Учитывая то, что данная статья, как и весь журнал, ориентированы
на врачей общего профиля, данный обзор будет касаться лишь тех
лекарственных средств, которые могут быть назначены пациентам
для самостоятельного применения.
Антимикробные препараты для местного лечения
инфекций ВДП
Основные препараты для местной антимикробной
терапии, представленные на российском рынке, перечислены в таблице
1. В состав этих препаратов обычно входит одно или несколько антисептических
средств (хлоргексидин, гексетидин, бензидамин,
тимол и его производные, спирты, препараты йода
и др.), антибиотики (фузафунжин, фрамицетин,
полимиксин) или сульфаниламиды, нередко в сочетании
с местными анестетиками (лидокаин, тетракаин,
ментол), гемостатическими и дезодорирующими средствами,
реже – с кортикостероидами. В состав этих препаратов также могут
входить природные антисептики (экстракты растений, продукты
пчеловодства), синтезированные факторы неспецифической
защиты слизистых оболочек, обладающие еще и противовирусным
действием (лизоцим, интерферон), витамины (аскорбиновая
кислота).
Местные антимикробные препараты могут назначаться в виде полосканий,
инсуфляций, ингаляций, а также таблеток и леденцов для рассасывания.

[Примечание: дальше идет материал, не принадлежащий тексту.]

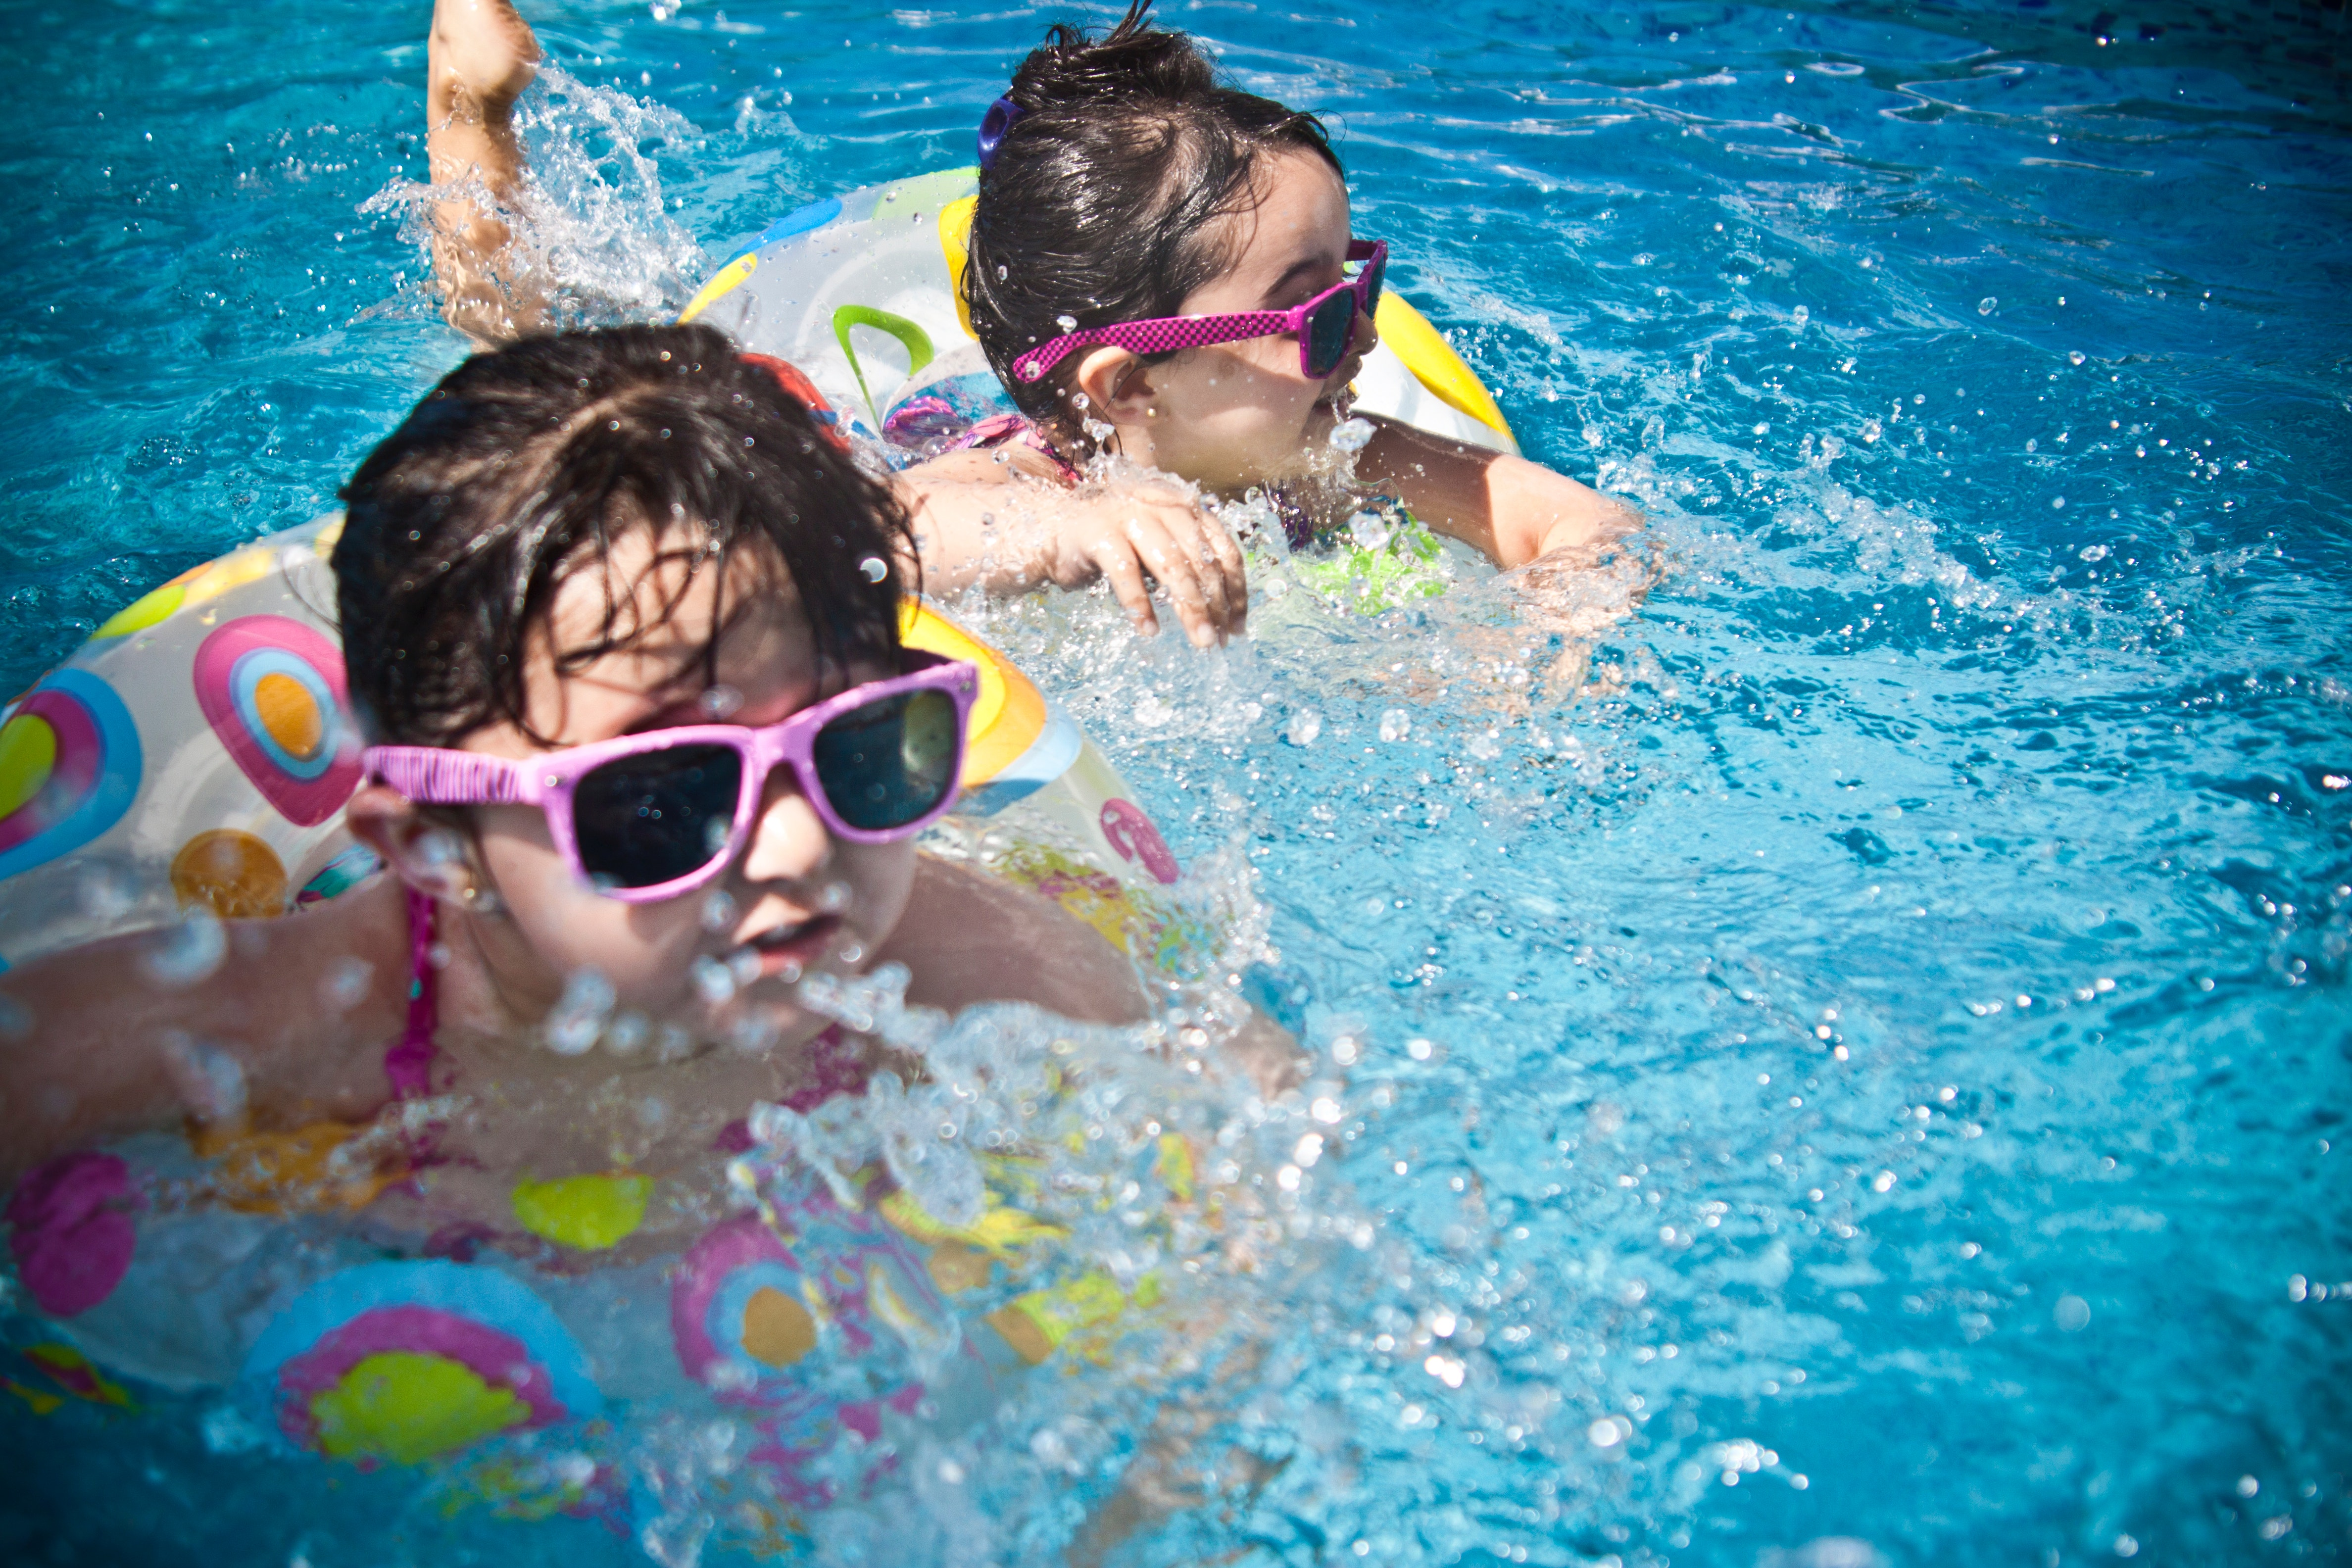 Kids in Pools

Главными требованиями к наносимым на слизистую оболочку препаратам
являются:
• Широкий спектр антимикробного действия, жела тельно включающий
противовирусную и антимикробную активность
• Отсутствие токсического эффекта и низкая скорость абсорбции
со слизистых оболочек
• Низкая аллергенность
• Отсутствие раздражающего действия на слизистую и угнетающего
действия на мукоцилиарный транспорт.
Основная масса перечисленных в таблице 1 препаратов (гексализ,
дрилл, септолете, фарингосепт, нео-ангин,
стрепсилс и др.) выпускается в виде таблеток, леденцов или
пастилок для рассасывания. Данная форма лекарственных препаратов
имеет сравнительно низкую активность, и их назначение ограничено
легкими формами инфекций ВДП. Кроме того, врачу следует помнить
о токсичности хлоргексидина, входящего в состав
большинства из этих препаратов и не допускать их бесконтрольного
приема пациентами.
Назначение ряда лекарств ограничивает их высокая аллергенность
и раздражающее действие. Сюда относятся препараты, содержащие
производные йода (иодинол, йокс), прополис
(пропосол), сульфаниламиды (бикарминт, ингалипт).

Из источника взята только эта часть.